**Exercise goal:** Beginning at the line that contains "Многоигольная промышленная швейная" and finishing at the line that contains "中国风浓情端午节传统节日促销活动创意海报", output the data below exactly. Include both end lines and no pictures.

**Exercise material:**
◆ ◆ ◆ ◆ ◆

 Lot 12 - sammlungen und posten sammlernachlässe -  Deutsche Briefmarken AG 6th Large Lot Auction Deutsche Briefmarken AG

◆ ◆ ◆ ◆ ◆

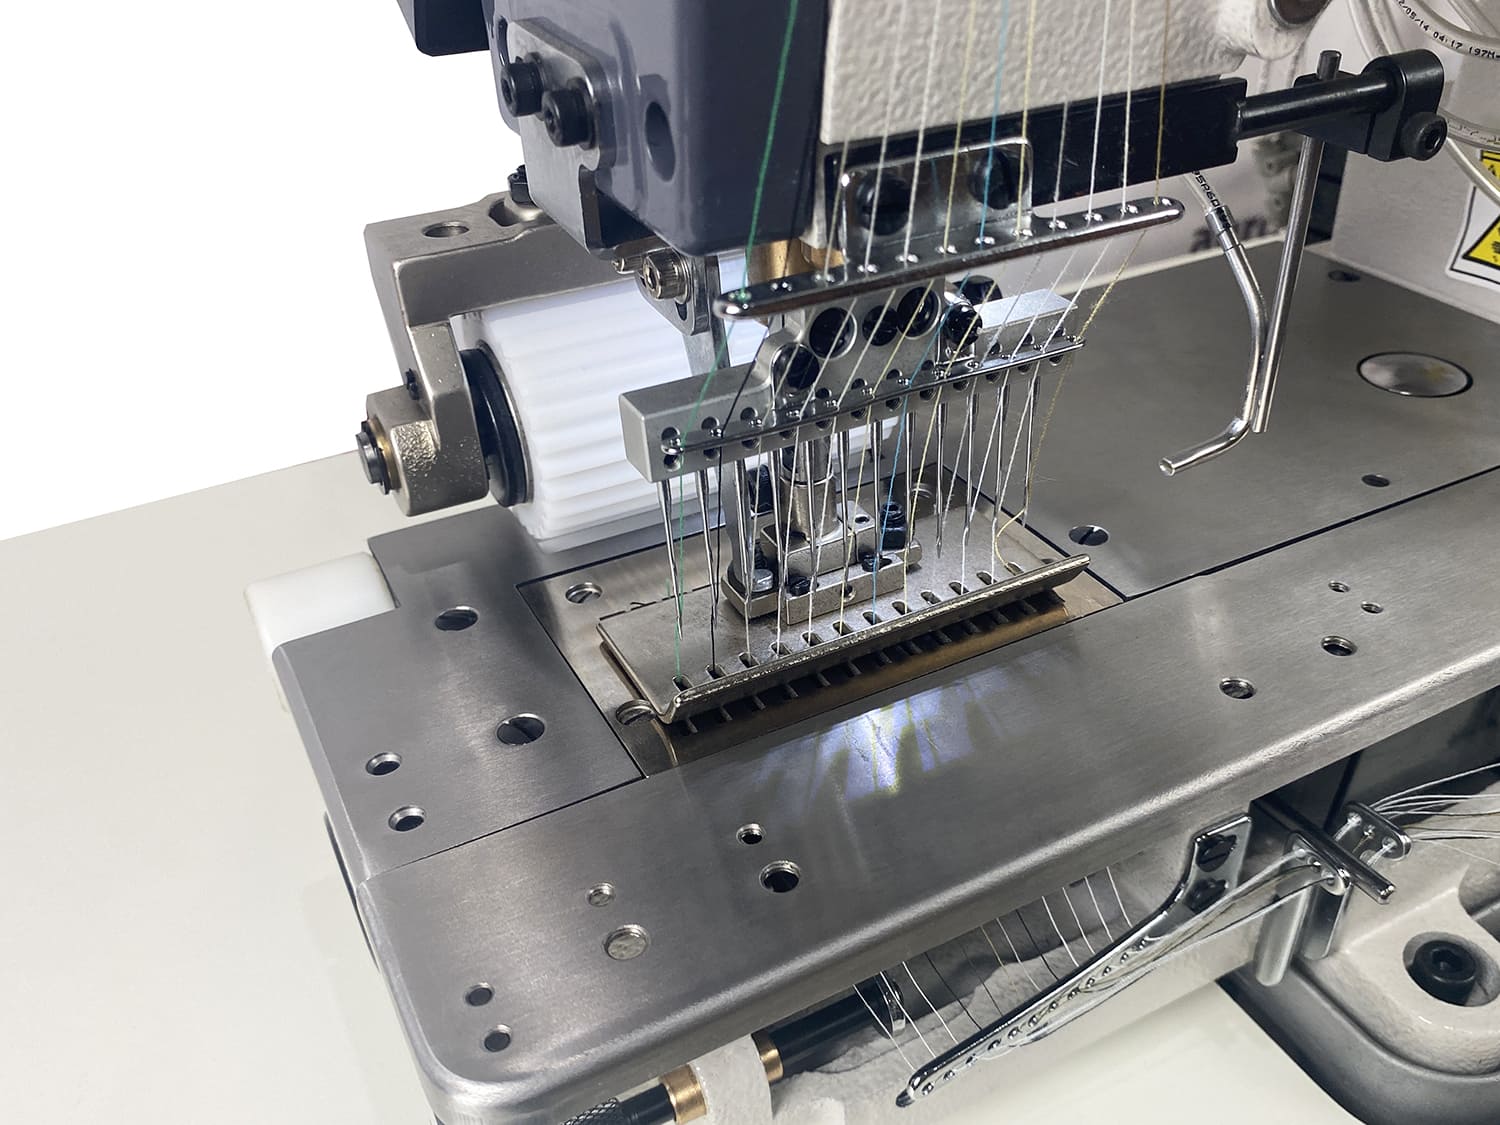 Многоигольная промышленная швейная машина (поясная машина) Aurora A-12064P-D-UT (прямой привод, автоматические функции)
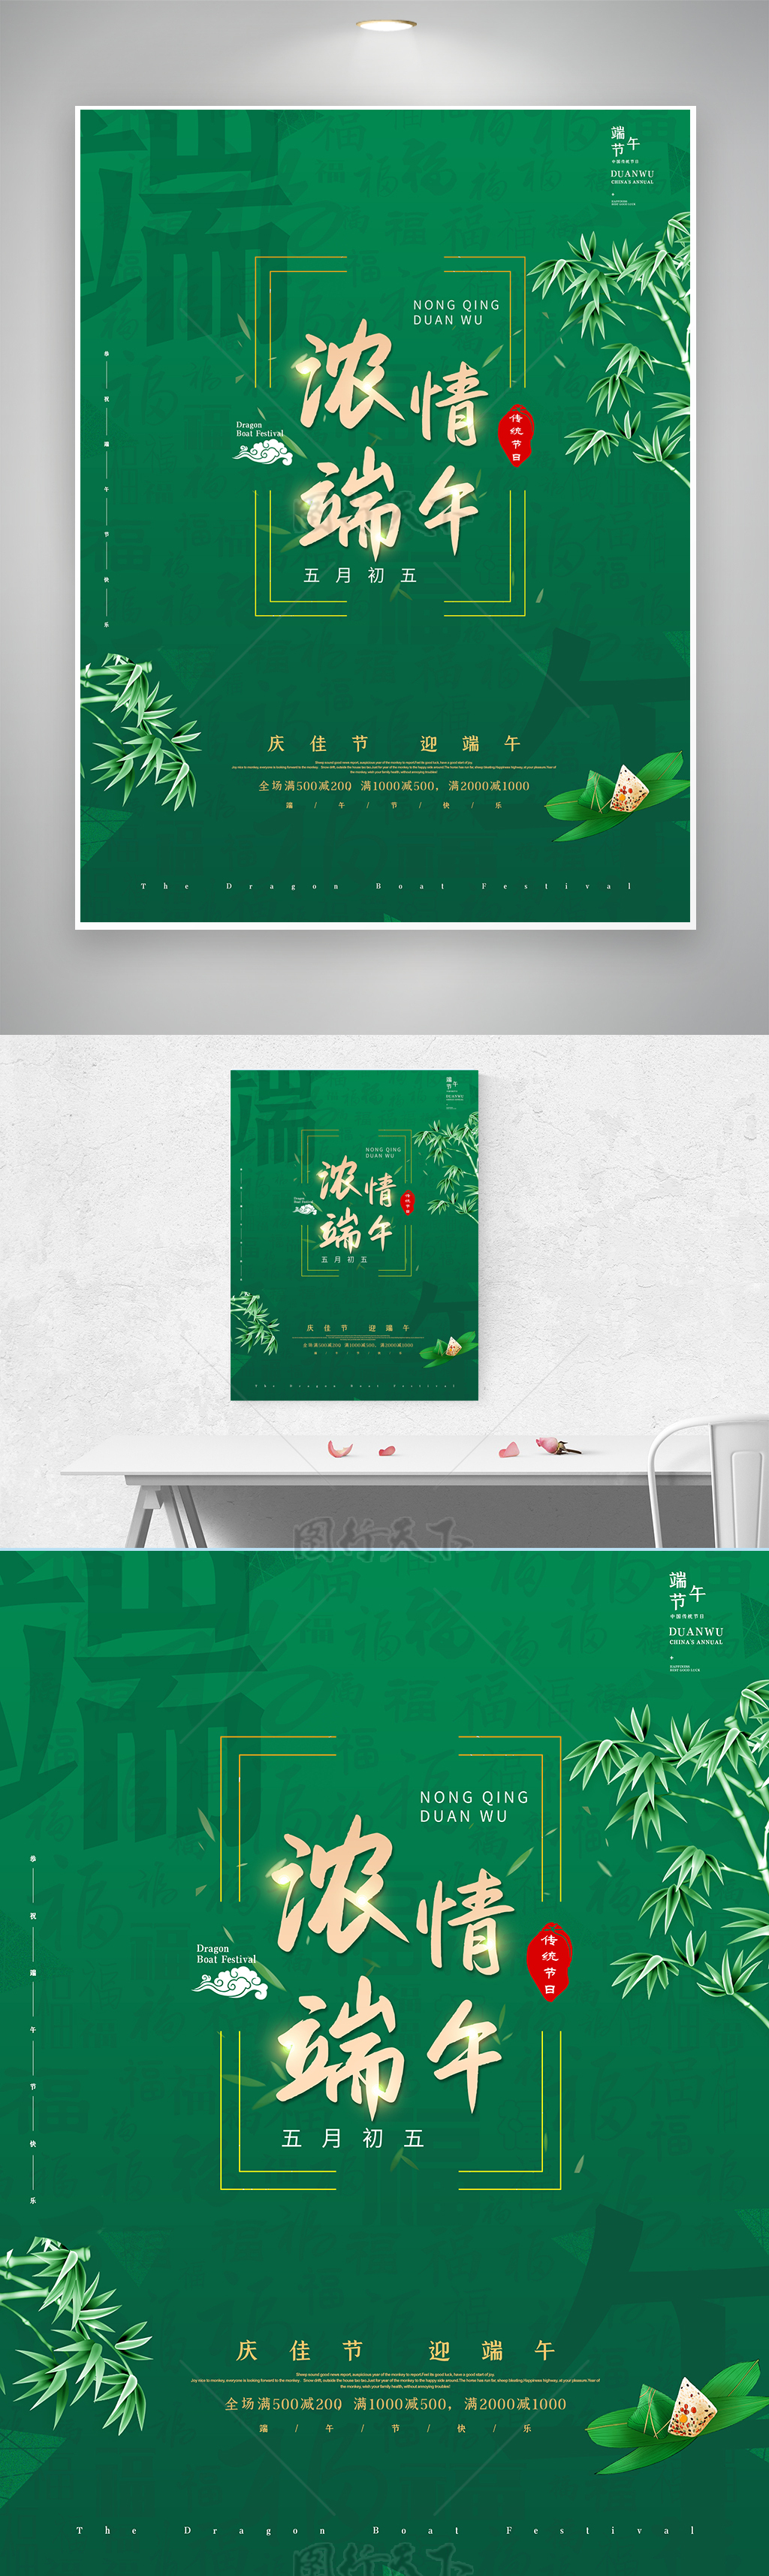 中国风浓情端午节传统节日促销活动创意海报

◆ ◆ ◆ ◆ ◆

**Written solution:**
 Многоигольная промышленная швейная машина (поясная машина) Aurora A-12064P-D-UT (прямой привод, автоматические функции)
 中国风浓情端午节传统节日促销活动创意海报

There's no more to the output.